What other hazardous substances can only be fully removed using special washing technologies?
Kuhl: We are currently putting a lot of resources into the residue-free removal of carcinogenic fibers other than asbestos. That includes all inhalable fibers, such as carbon fibers and synthetic mineral fibers like glass and mineral wool, although certain other, older, types of wool fiber can also cause cancer. We are working closely with other laboratories, researchers and manufacturers on methods capable of testing for residue-free removal of hazardous substances. We are confident that we will be able to publish further results before the end of the year.
Washing is only one part of contamination control. Proper transportation of contaminated equipment is just as important. What innovative solutions do you offer for that?
Kuhl: We offer special Mayer und Kuhl PPE laundry bags that firefighters can take with them and use to safely pack and seal contaminated workwear immediately after use. The sealed bags are then placed in an outer packaging, such as a cardboard carton, and transported to our laundry facility.
How do you manage the contaminated gear once it’s at your laundry facility? How do you protect your employees?
Kuhl: Each sealed PPE laundry bag is loaded directly into our industrial washing machine. Nobody actually touches the contaminated PPE. The bag automatically opens during the wash cycle so that everything gets cleaned and decontaminated. This protects our employees and eliminates unnecessary handling and labor.
What’s your view of the PPE cleaning situation here in Germany? Do people have a good enough understanding of best practice? Is that best practice actually being followed?
Meyer: The need for specialist cleaning of personal protective equipment is currently a widely discussed topic, but it hasn’t yet filtered down to all frontline personnel and managers in the fire service. Some departments think they can cut costs here and have their gear cleaned by non-specialists. Washing PPE in the home using domestic machines is out of the question, obviously.

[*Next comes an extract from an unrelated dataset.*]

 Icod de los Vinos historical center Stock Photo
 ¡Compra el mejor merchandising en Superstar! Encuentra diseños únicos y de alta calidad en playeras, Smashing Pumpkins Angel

But the real problem, in our view, is that many firefighting equipment centers and laundries that only sporadically wash PPE are out of their depth. Specialist laundry services such as us are able to clean and decontaminate PPE to the required standard without causing undue wear. We have developed over 50 separate washing programs for our industrial washing machines, so we can precisely tailor our cleaning to the type and degree of soiling, contamination, infection and so forth.
What are your key messages for INTERSCHUTZ?
Kuhl: We will be showcasing all of our solutions for the professional care and cleaning of personal protective equipment. Our message is that we clean all elements of PPE, including helmets, flameproof hoods, jackets, gloves, trousers and boots. We’ll be joined at our stand by CRB Analyse Service GmbH, Germany’s leading asbestos analysis laboratory. Together, we will focus on PPE asbestos decontamination, other cleaning methods and our testing methods.
We will also be joining with our manufacturing partners – including DuPont, S-Gard, Rosenbauer, Viking and Gore-Tex – to showcase their latest products, including textile care characteristics. In partnership with DuPont, for example, we will be presenting a new fire-jacket fabric that has undergone extensive wash testing. The presentation will include comparisons with normal domestic washing.